Creating a knowledge graph about the rent stuff. This is a fork of BauGraph
To create the graph there are two steps. First we have to crawl a few websites then we create the graph.
- Clone the repository
git clone https://git.informatik.uni-leipzig.de/information_extraction_group/bauprofessor_crawler.git
- Change into the repository folder and install the necessary requirements with
pip install -r requirements.txt
- Change into the directory
cd MietGraph/crawling
and run the crawling with./run.sh [output_folder]
- Change to MietGraph/graphing, move the output from step 3 to a folder for input and run
python MietGraph.py --input=[input_folder] --output=MietGraph.graphml
to generate the graph. (python MietGraph.py -h
for more options) - ???
- Profit
The output formats ".gml", ".gexf" and ".graphml" can all be used with gephi.
You should also be able to install the package with pip install .
from the repository's base directory.
After that you can invoke the MietGraph class and generate the Graph in python environment.
>> from MietGraph import MietGraph
>> g = MietGraph("input/")
>> g.add_keyword_in_text()
>> g.add_crosslinks()
>> g.graph
<networkx.classes.digraph.DiGraph at 0x7f38243927c0>
You can also get a igraph representation with
g.igraph()
You can use this to manipulate the graph further. More Information coming up..
KnowledgeBase
import MietGraph
kb = MietGraph.KnowledgeBase("name of your knowledge base file")

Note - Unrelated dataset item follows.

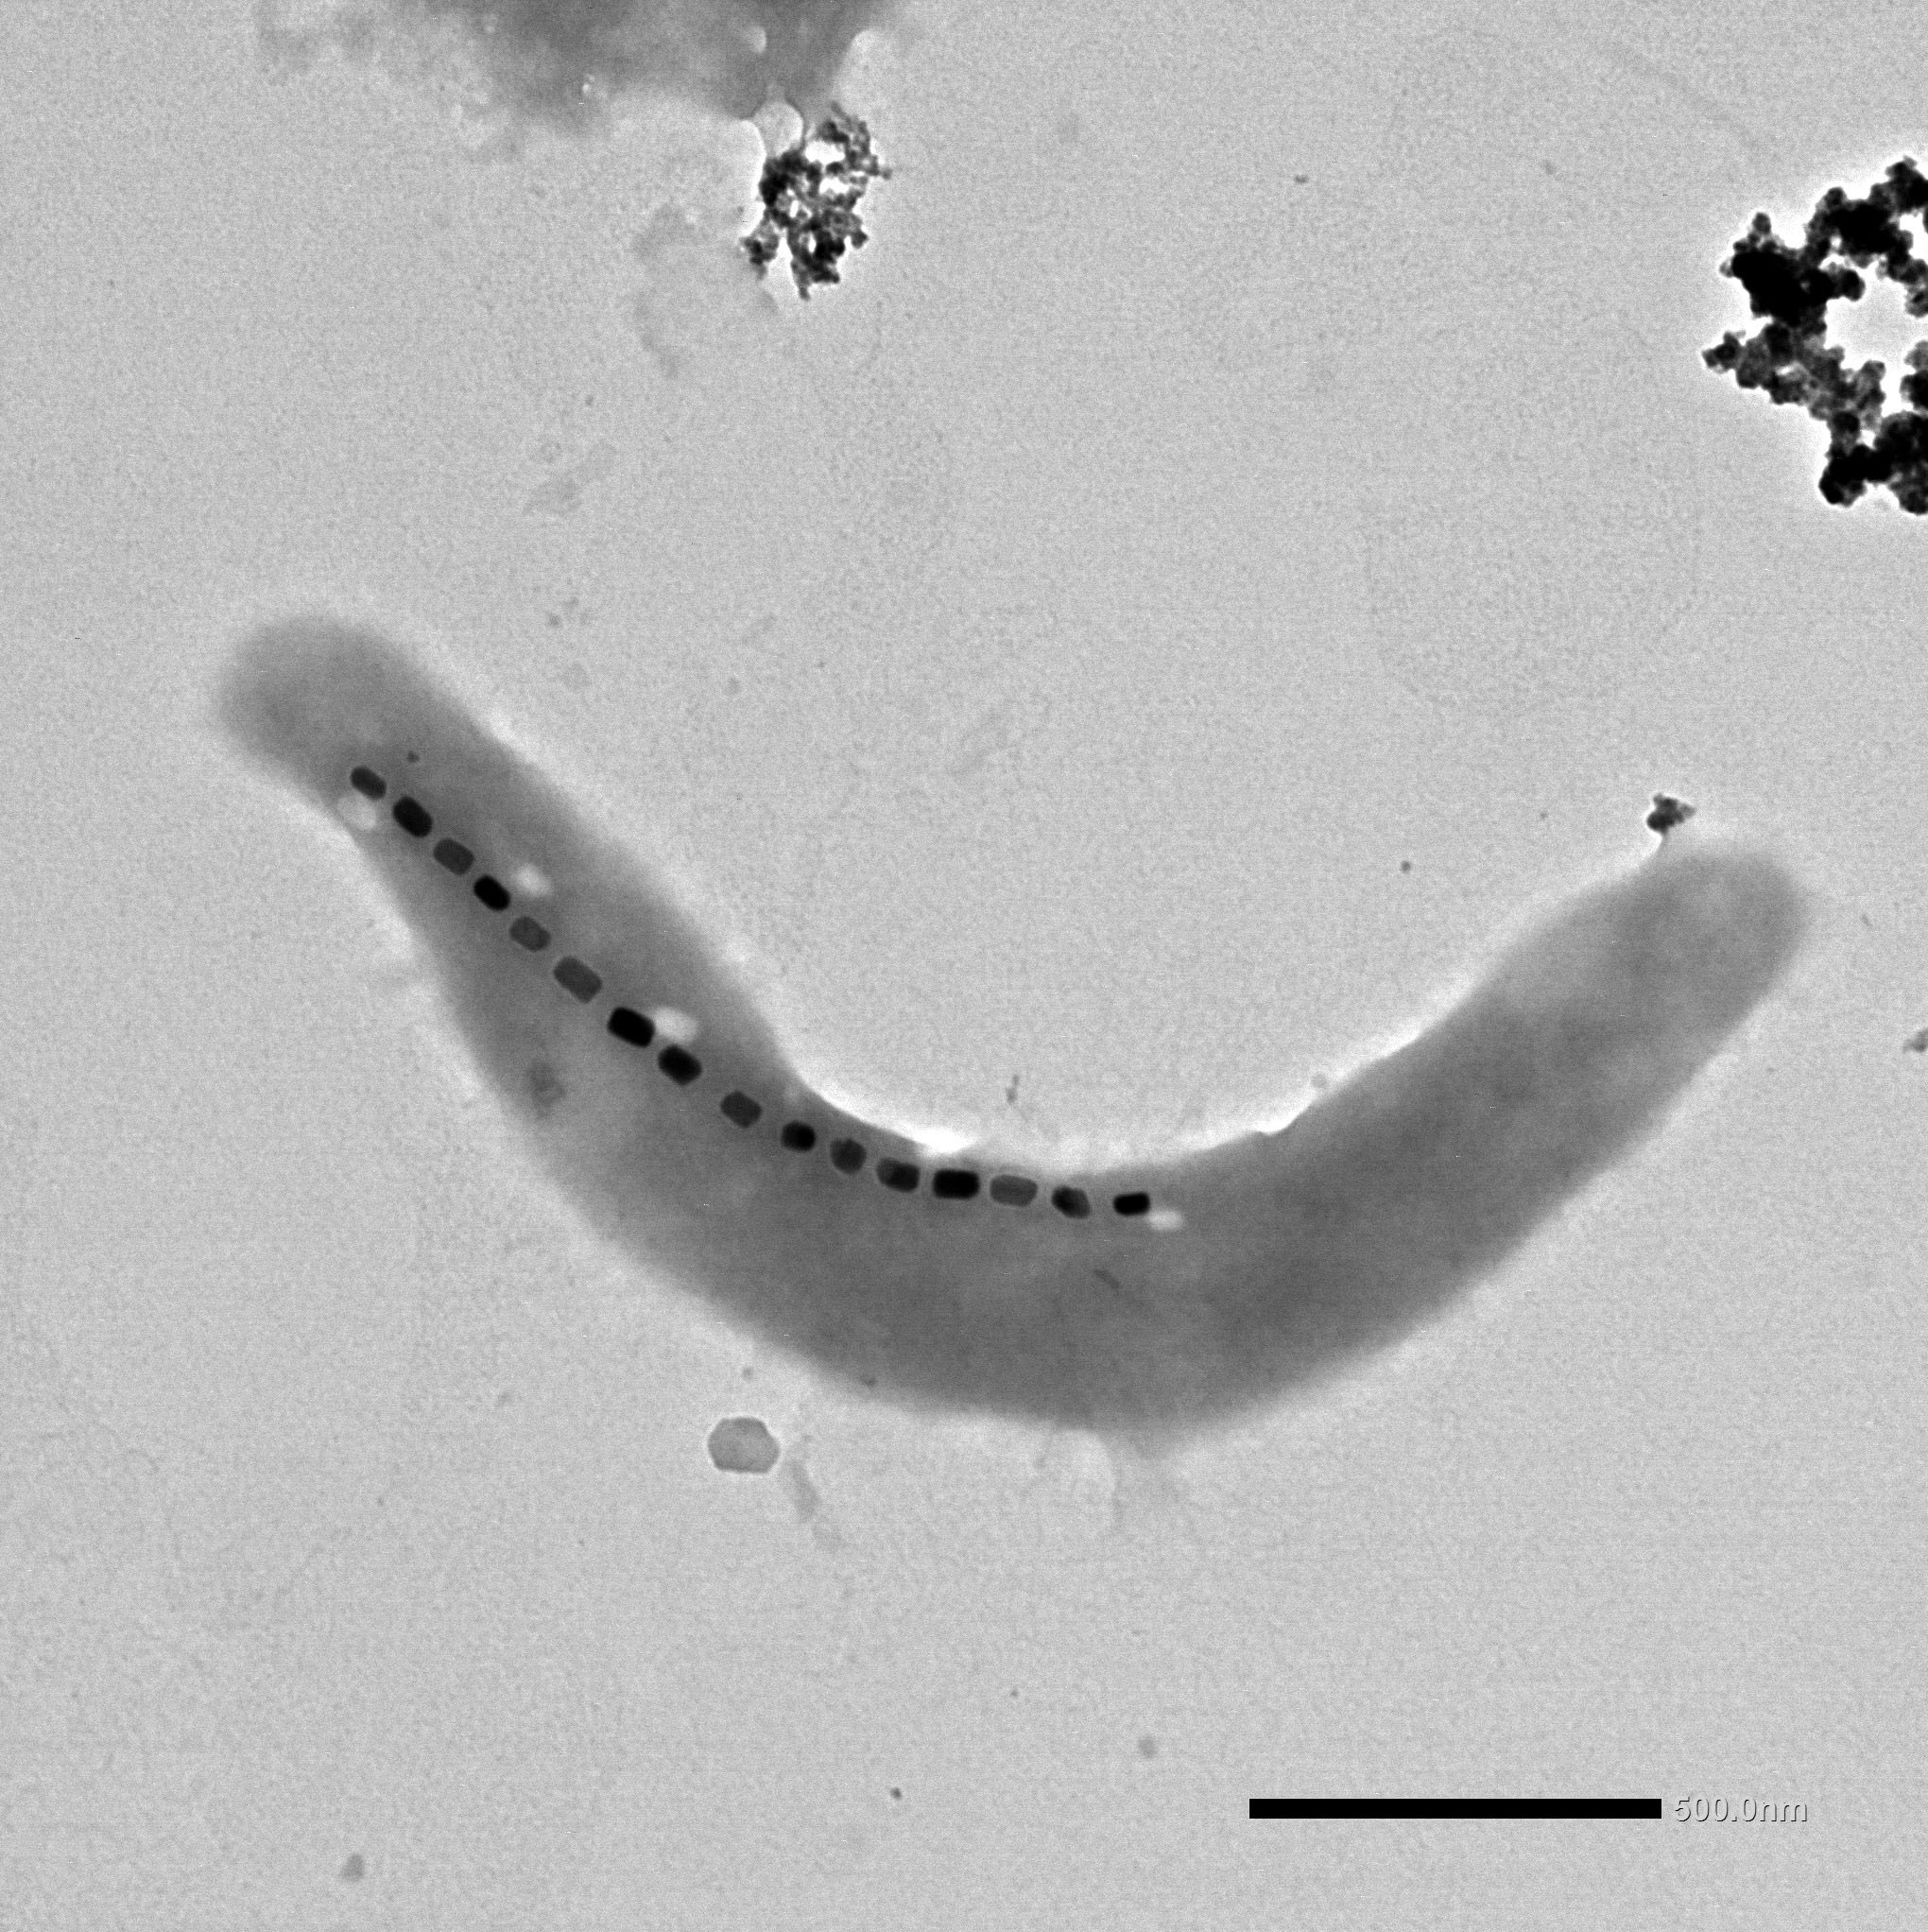 TEM image of a M. blakemorei MV-1 bacterium with several magnetic nanoparticles forming a chain-linke structure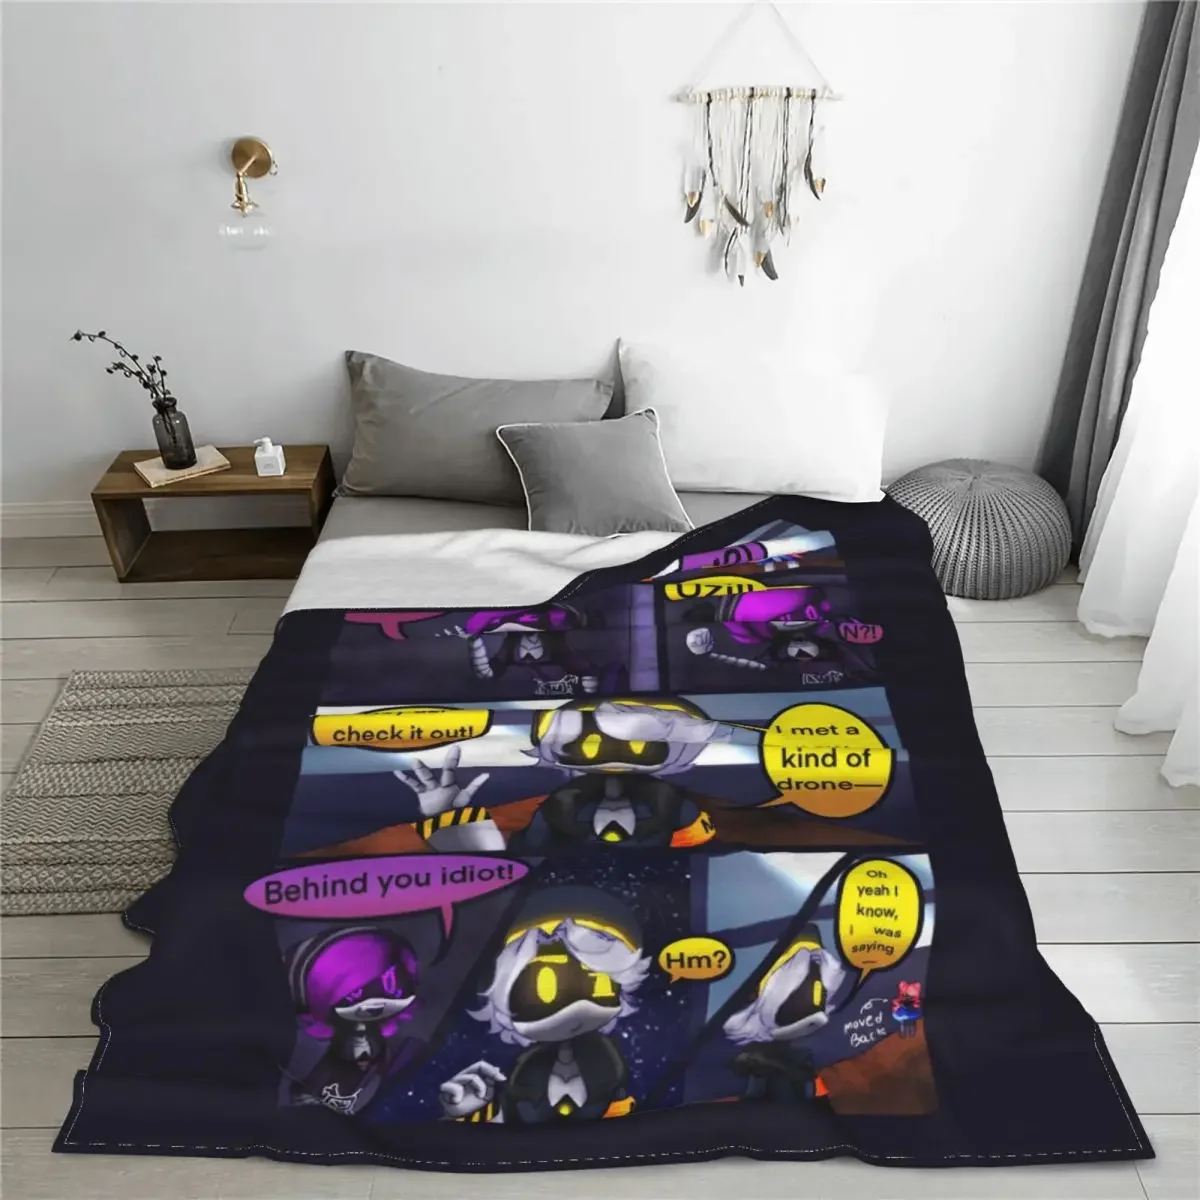 Murder Drones Blanket N ir Uzi Flanel Awesome Soft Throw Blanket for Bedverse Spring Autumn Nuotrauka 1

# See a list of contained documents
docs = kb.list_documents()
# Get all neighbours of a document with all attributes
kb.get_neighbors(docs[0], True)
#See the content of the document
kb.get_attr(docs[0], "content")
# Show document names of similar documents
kb.most_similar(docs[0])
# you can also add new pdfs to the knowledgebase
kb.add("path_to_new_pdf.pdf")
# And save the modified graph
kb.save("save.graphml")